Only after serious prayer and several conversations with Chaplain Hesseling, Doak said he learned to trust God and believe “that you do have a Good Shepherd watching over the whole world.”

“Though you like to pretend that you have control,” he continued, “and though we train and do as much as we can to mitigate a lot of factors, ultimately, whether somebody lives or dies is out of our hands, and that’s definitely a huge call to come back to that side of the faith, to be able to just trust completely that things will work out.”

At Mass and in counseling, Father Hesseling helps soldiers grappling with profound questions of faith like, ‘“Where is God in all this? How could God let this happen? Why does evil exist? Why did this happen to my buddy instead of me?’”

Father Hesseling said he talks about the difference between God’s positive will and his permissive will — that God does not will suffering but he may allow it to occur when good can result from it.

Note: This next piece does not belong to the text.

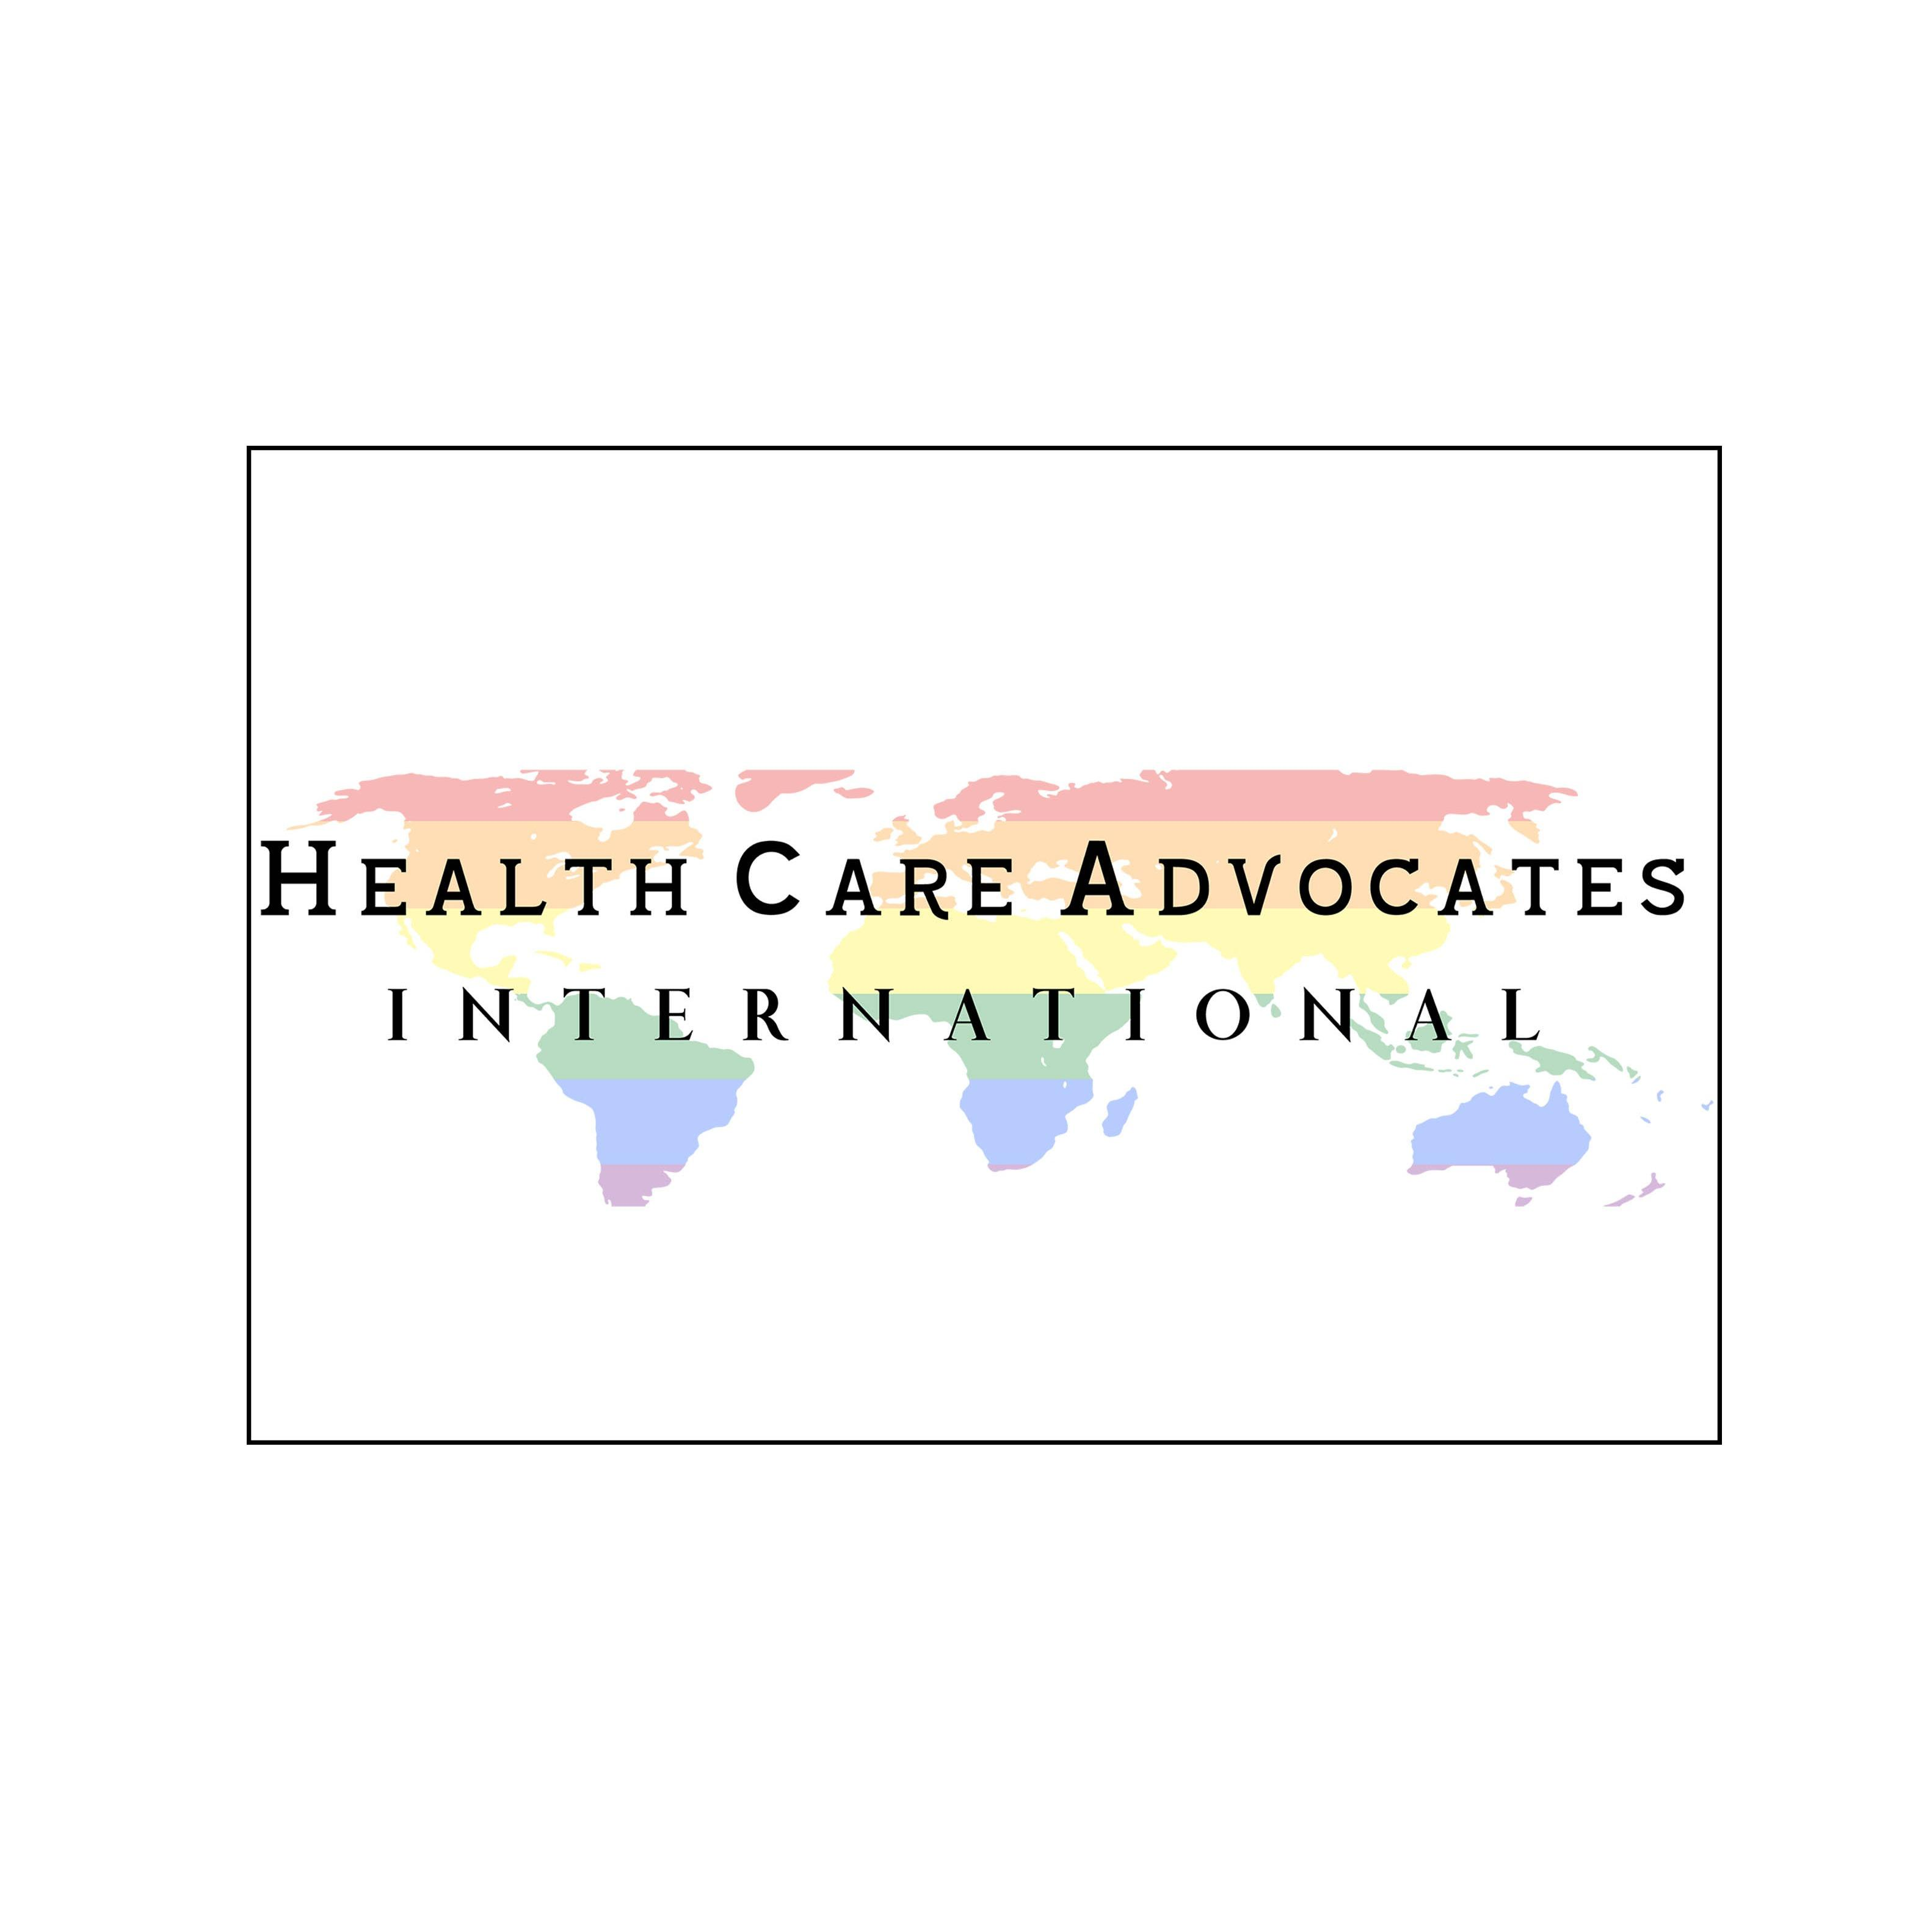 Health Care Advocates International
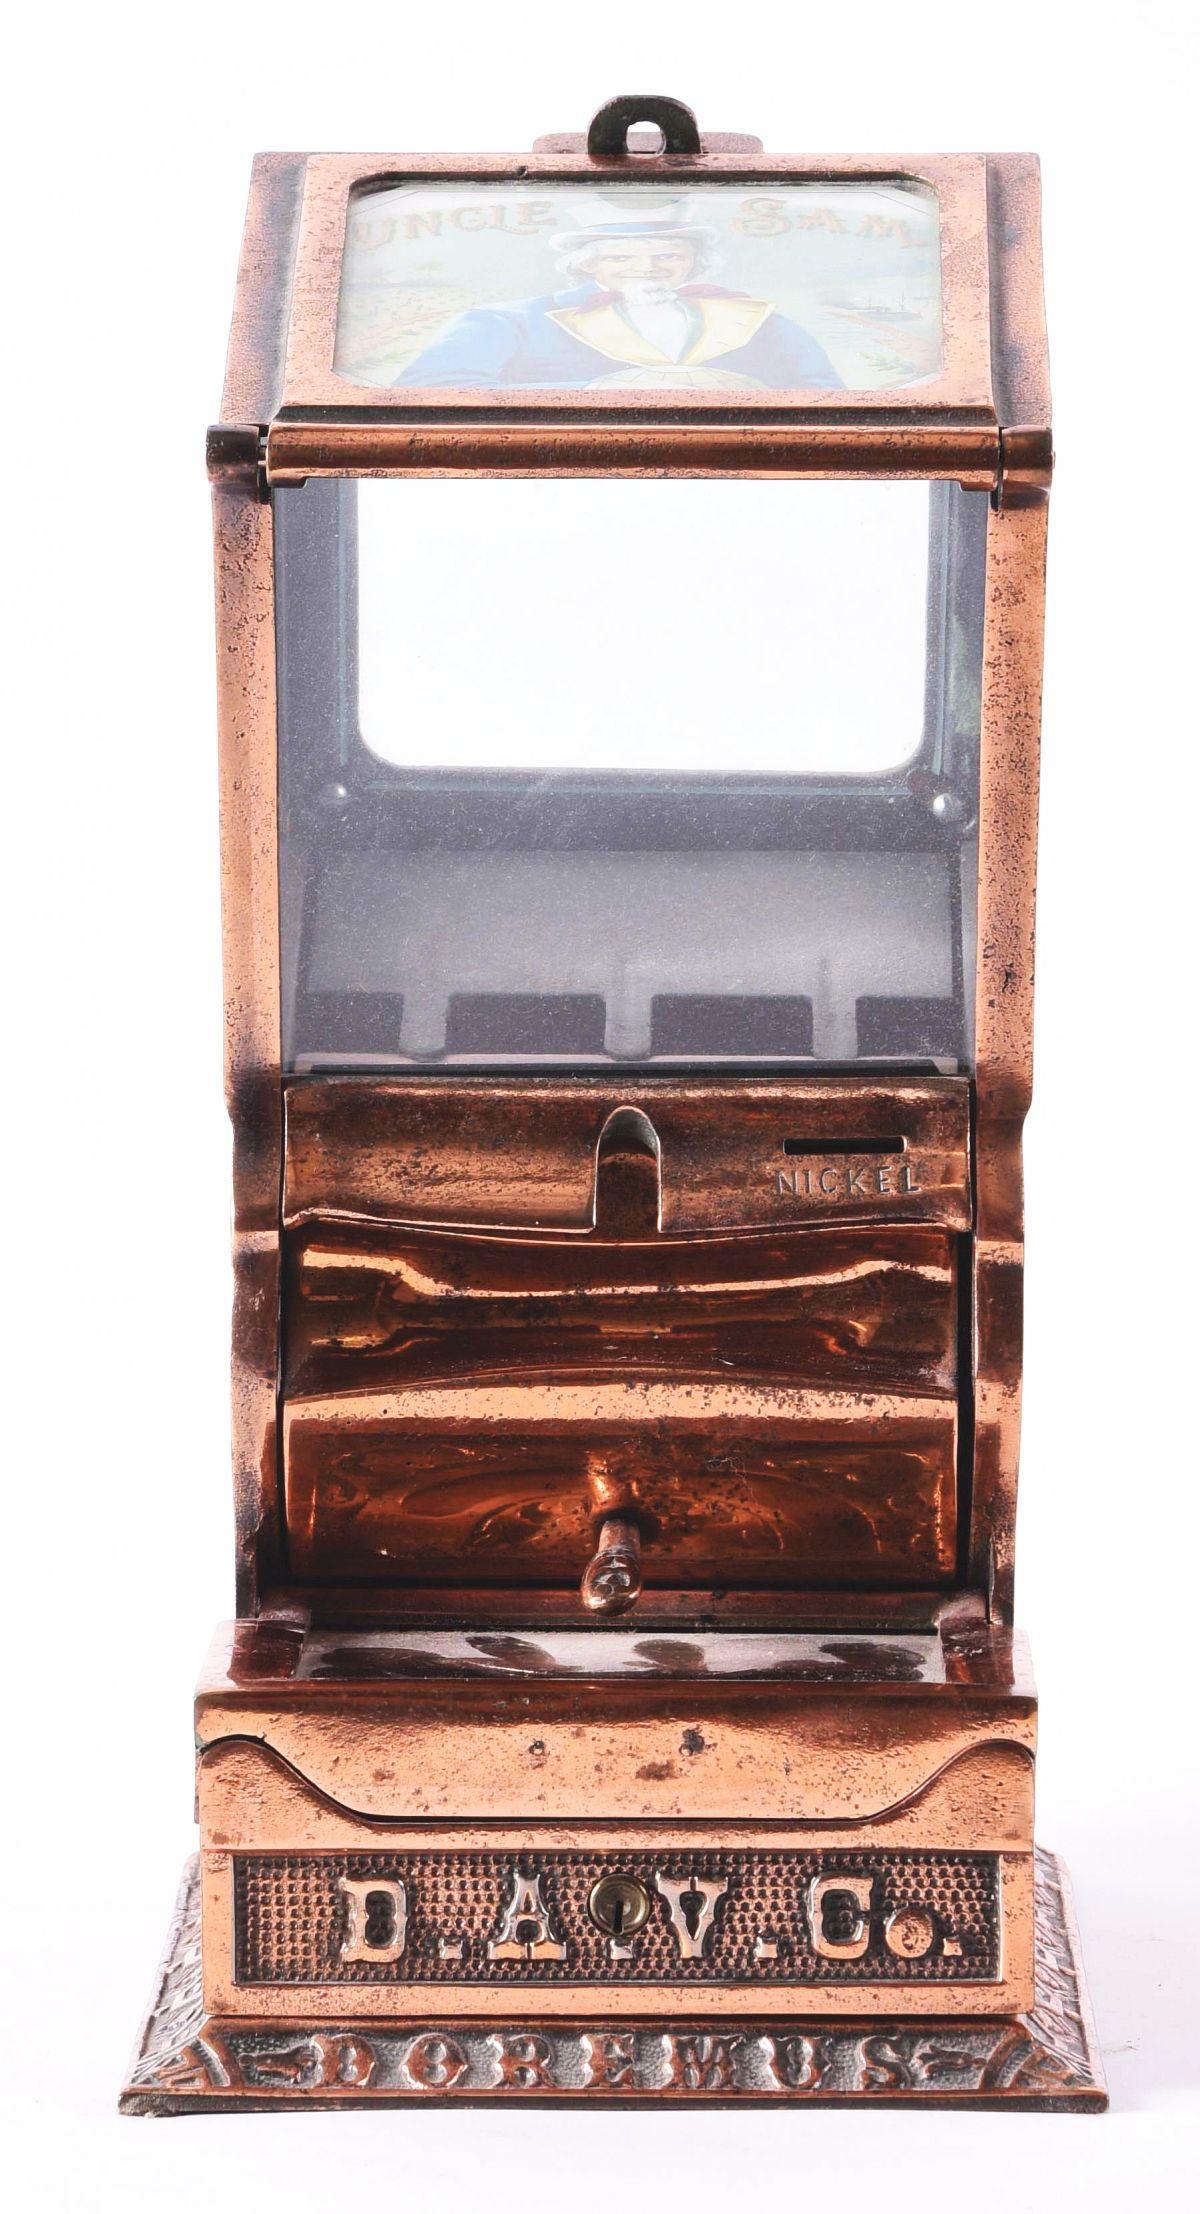 5¢ DOREMUS CAST IRON CIGAR VENDER.

Prayer, discernment and support of friends and faith are crucial to a soldier’s finding peace in the quandary, he said.

Grasping for Answers

But without a foundation of faith, soldiers can get lost in the spiritual “deserts” of war, Father Hesseling explained.

In facing death, some end up only “groping” for answers instead of turning to God, he said.

“They know something’s missing,” Doak said, but “they don’t know what to call it.”

Such was the case with some of the soldiers Father Hesseling and Neal met in the Afghanistan mountain compound last year.

“It was kind of a shell-shocked environment, people groping around emotionally,” Father Hesseling recalled.

Doak attributes that confusion to a lack of previous exposure to or sustained development of faith.

Prepare for the Test

But the ordinariness of life can also distract one from turning to God, added Neal.

Those, he said, in the safety of larger bases and back at home in the states, can become desensitized by the “nine-to-five job” life. The everyday can dull the urgency for eternal things.

To help soldiers stay focused, Father Hesseling often tells the story of 1st Lt. Brian Bradshaw, a Catholic officer with the 501st Parachute Infantry Regiment out of Ft. Richardson.

Two weeks before being killed by an improvised explosive device, Bradshaw asked Father Hesseling to hear his confession. And he went to Mass and received Communion.

“When you wake up in the morning,” Father Hesseling said, “you never know what’s going to happen that day … always, you need to take care of these things.”

“Use the graces, the strengths of those sacraments because you never know when they’re going to be put to the test.”

Printed with permission from Catholicanchor.org, newspaper for the Archdiocese of Anchorage, Alaska.